As an initial matter, the contractual language at issue here, as it should be, is undisputed. Essentially, the First Policies provide that Plaintiffs will pay those sums that Bodell is legally obligated or required to pay for property damage caused by an "occurrence" or "event." The First Policies further provide that an occurrence or event is an "accident including continuous or repeated exposure to substantially the same general harmful conditions." The definition of occurrence and event is critical. This is because numerous courts, both at the state and federal levels, have considered substantially the same language. For example, the Hawai'i Supreme Court has explained that alleged property damage was not "accidental" under a policy where the damage was "part and parcel of the alleged acts ... that resulted in the claims for breach of contract and fraud." Hawaiian Holiday Macadamia Nut Co., Inc. v. Indus. Indem. Co. , 872 P.2d 230, 235 (Haw. 1994). Similarly, the Ninth Circuit has explained that contract and contract-based tort claims do not give rise to an "occurrence" because "[a]llowing recovery for disputes between parties in a contractual relationship over the quality of work performed would convert [a commercial general liability] policy into a professional liability policy or performance bond." Burlington Ins. Co. v. Oceanic Design & Constr., Inc. , 383 F.3d 940, 949 (9th Cir. 2004). More recently, courts in this District have reached similar conclusions. In Evanston Ins. Co. v. Nagano , 891 F. Supp. 2d. 1179, 1194 (D. Haw. 2012), the court found that construction contract claims and claims that arose from the construction contract were not occurrences within the meaning of commercial general liability policies and, thus, the insurer did not owe a duty to defend or indemnify the insured.
As mentioned above, the St. Paul Policies state "the same general harmful conditions[,]" rather than "substantially the same...." No party suggests this alters the analysis, however.

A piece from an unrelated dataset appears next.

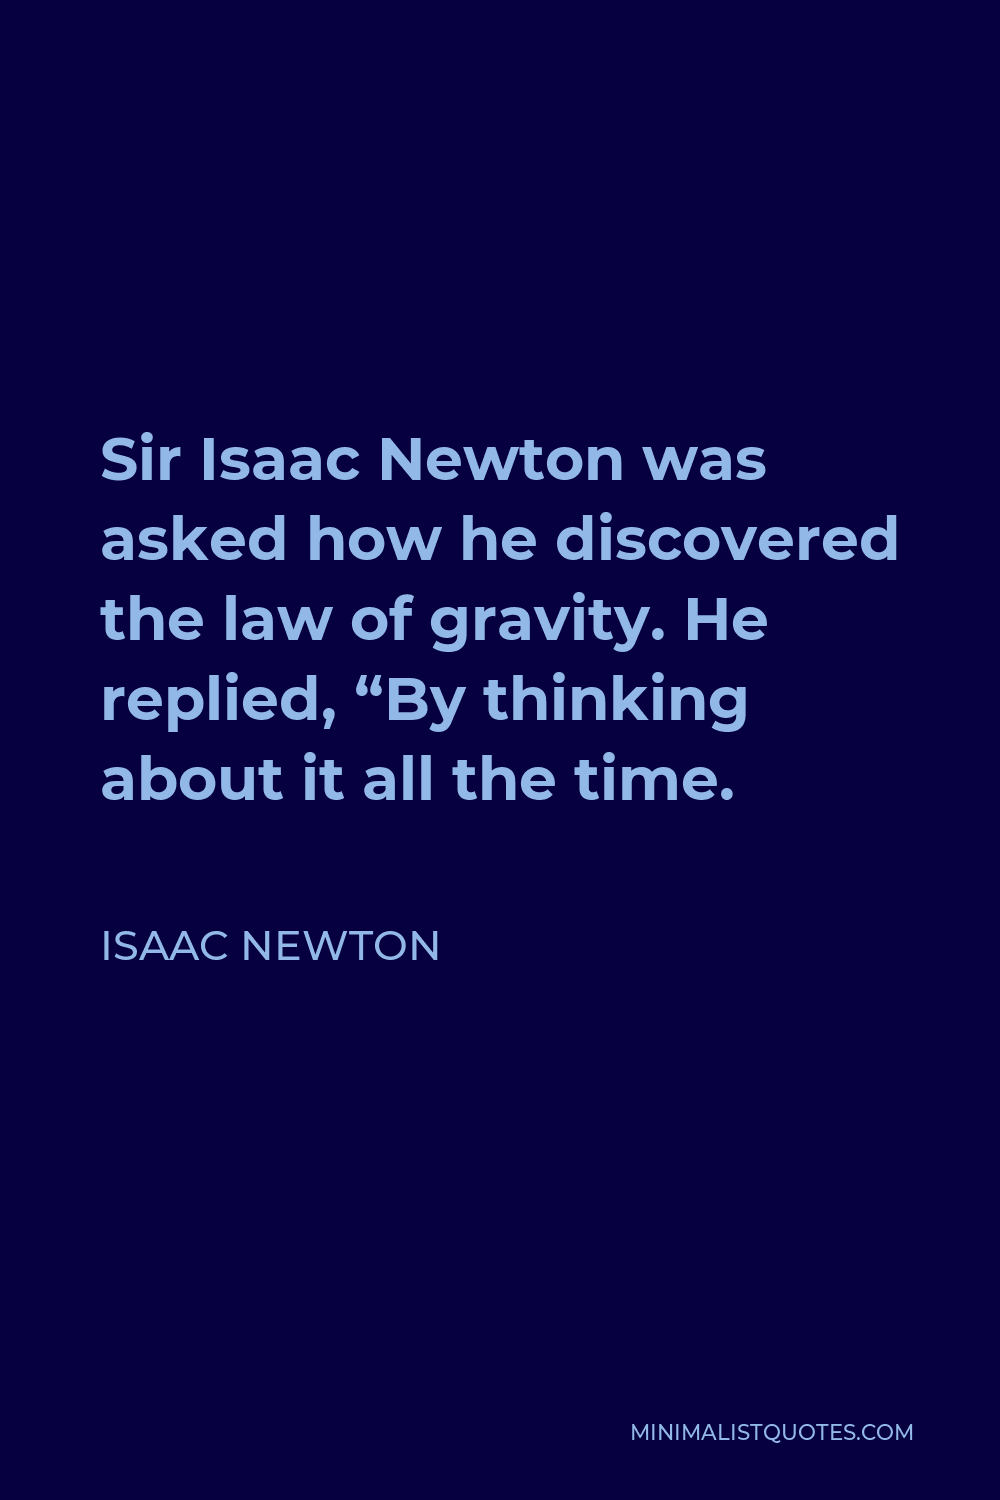 Isaac Newton Quote Sir Isaac Newton Was Asked How He Discovered The Law Of Gravity He Replied 6431

See also State Farm & Cas. Co. v. GP West, Inc. , 190 F. Supp. 3d 1003, 1015-18 (D. Haw. 2016) ; Nautilus Ins. Co. v. 3 Builders, Inc. , 955 F. Supp. 2d 1121, 1135-37 (D. Haw. 2013) ; Illinois Nat'l Ins. Co. v. Nordic PCL Constr., Inc. , 870 F. Supp. 2d 1015, 1032 (D. Haw. 2012) (all same).

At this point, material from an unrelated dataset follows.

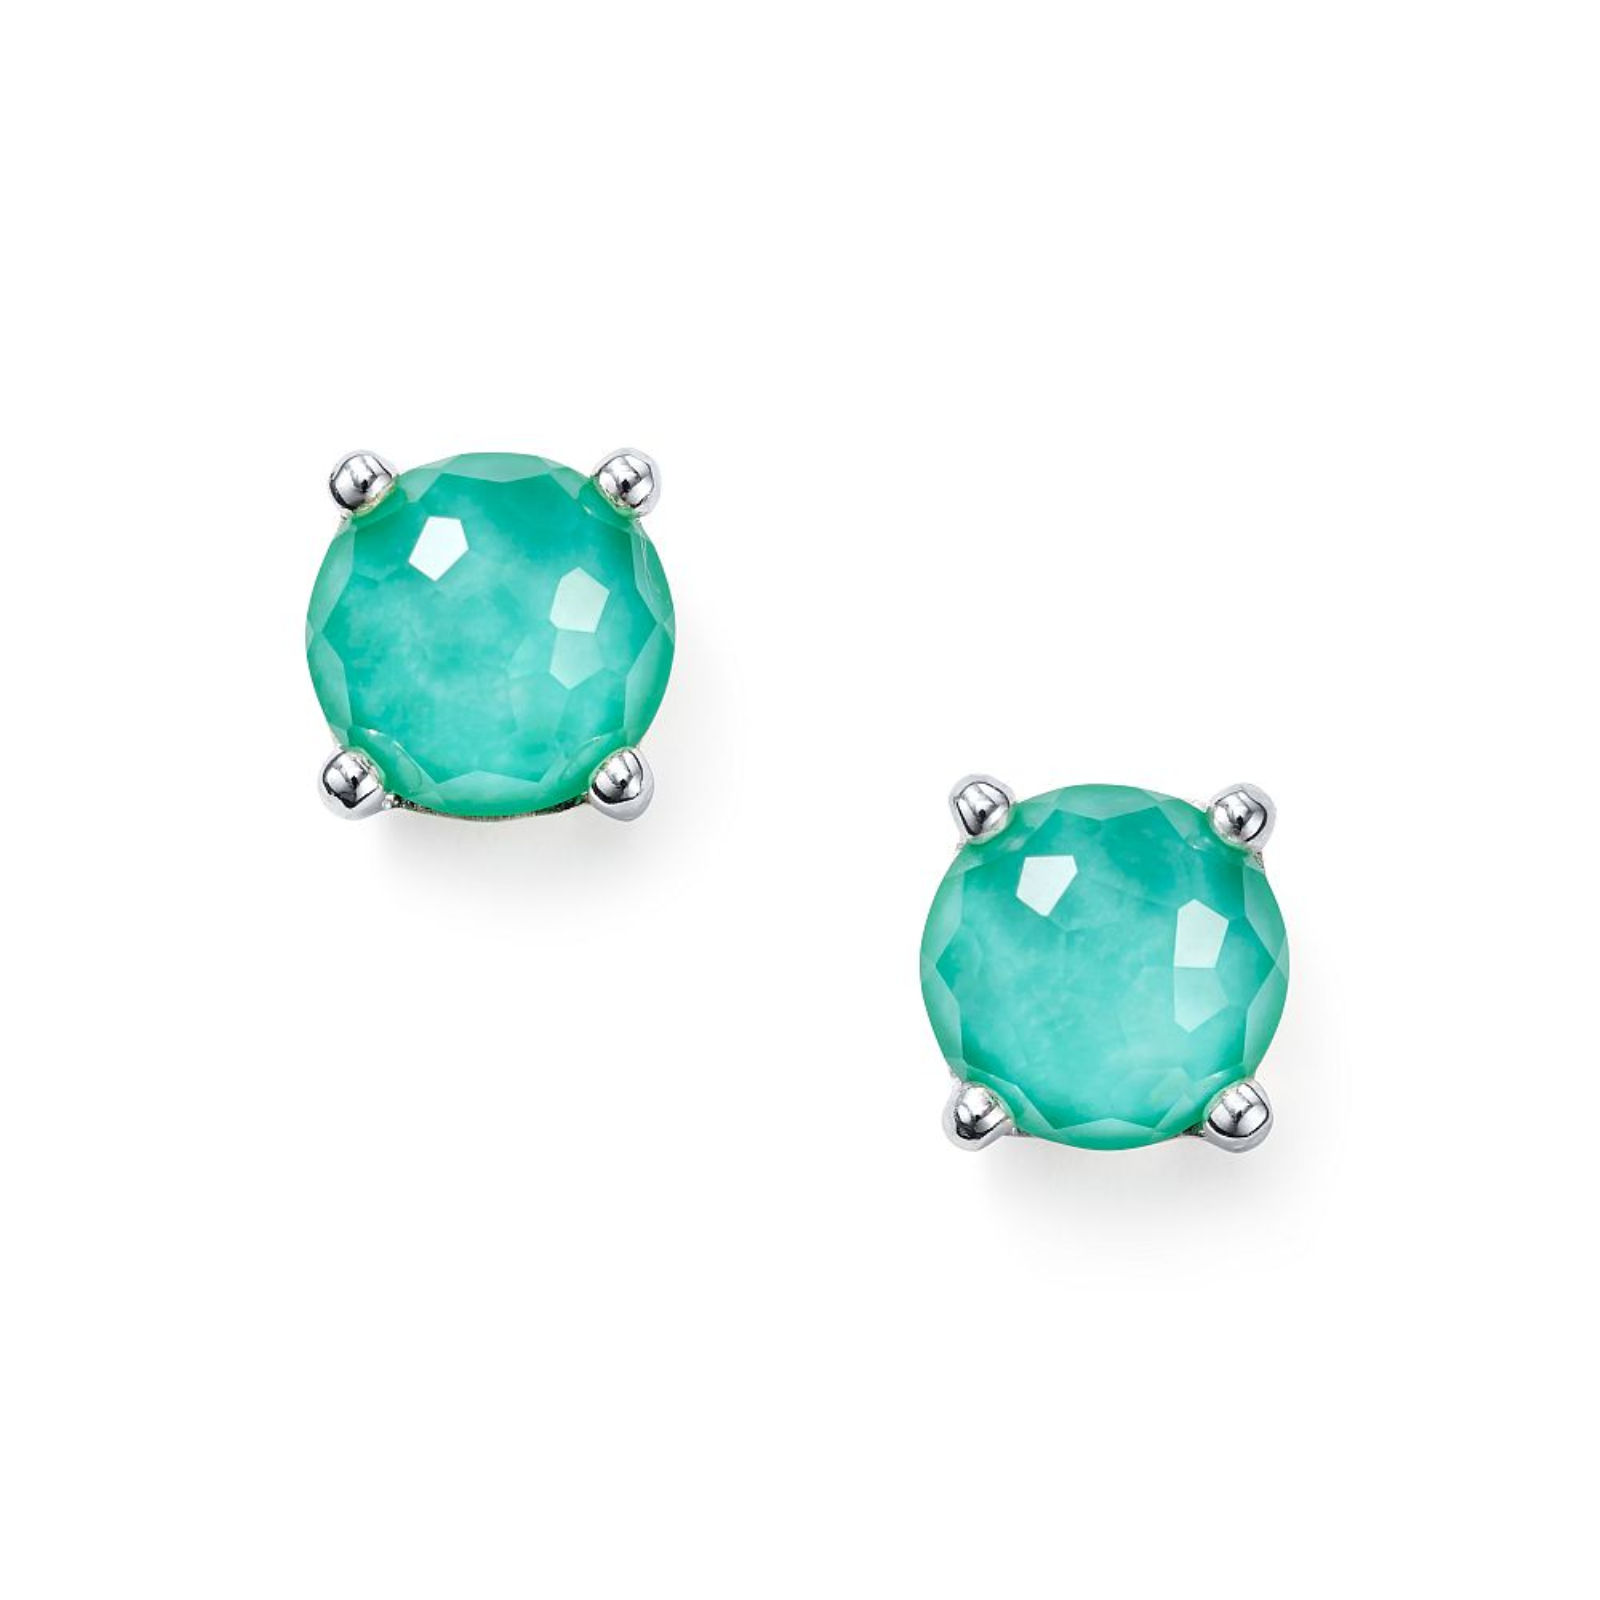 Silver and Turquoise Doublet Rock Candy Stud Earrings

The state of the law, therefore, is clear with respect to the meaning of "occurrence" or "event" as those terms are defined in the First Policies: contract claims and claims that arise from the contract are not covered. In fact, neither Bodell nor Sunstone contend otherwise. These defendants instead raise issues unrelated to the coverage language of their policies. First, they assert that allegations in the Underlying Litigation of building code violations do not constitute a contract or contract-based claim. Second, they assert that Bodell's alleged work may have caused damage to the work performed by its subcontractors, which constitutes an occurrence. The Court addresses each argument in turn.

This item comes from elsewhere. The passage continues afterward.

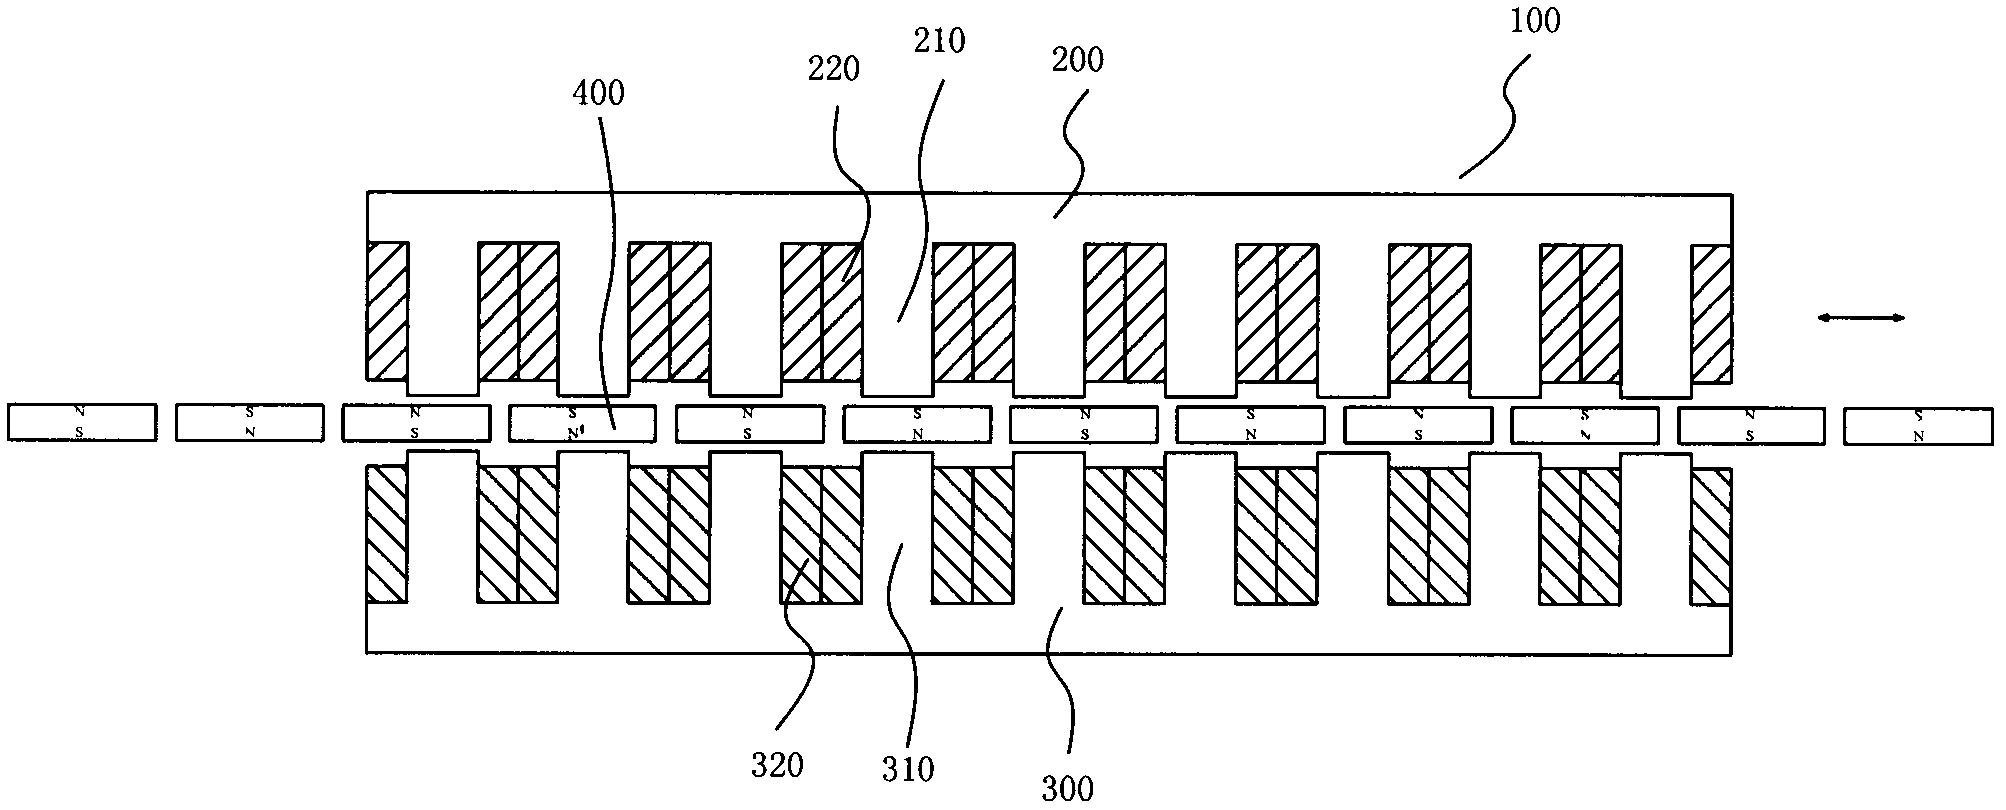 Linear motor capable of positioning load

First, Bodell and Sunstone argue that, because the Underlying Litigation includes allegations that building codes were violated and, under Hawai'i law, violations of building codes can support a negligence claim independent of a contract, the building code allegations are an occurrence under the First Policies. Dkt. No. 116-1 at 20-22; Dkt. No. 123 at 8-12. Bodell and Sunstone, however, read too much into the case upon which they rely. That case– Ass'n of Apartment Owners of Newtown Meadows v. Venture 15, Inc. , 167 P.3d 225 (Haw. 2007) –involved an Association of Apartment Owners suing the developer, contractor, and subcontractors, among others, of an alleged, defectively constructed condominium project. Id. at 238. In other words, the case did not involve an insurance company either as a plaintiff or defendant or even the construction of the terms of an insurance policy. Therefore, while it is true that Newtown Meadows held that "a homeowner may pursue a negligence claim against a builder where it is alleged that the builder has violated an applicable building code," id. at 288, the Hawai'i Supreme Court was not faced with (and, thus, did nothing to change) the issue of when an occurrence takes place pursuant to language like that here in the First Policies. As another court in this District has explained, that issue is determined by whether the claims in the Underlying Litigation are premised upon a contract or are contract-based. See State Farm Fire & Cas. Co. v. GP West, Inc. , 190 F. Supp. 3d 1003, 1020 (D. Haw. 2016).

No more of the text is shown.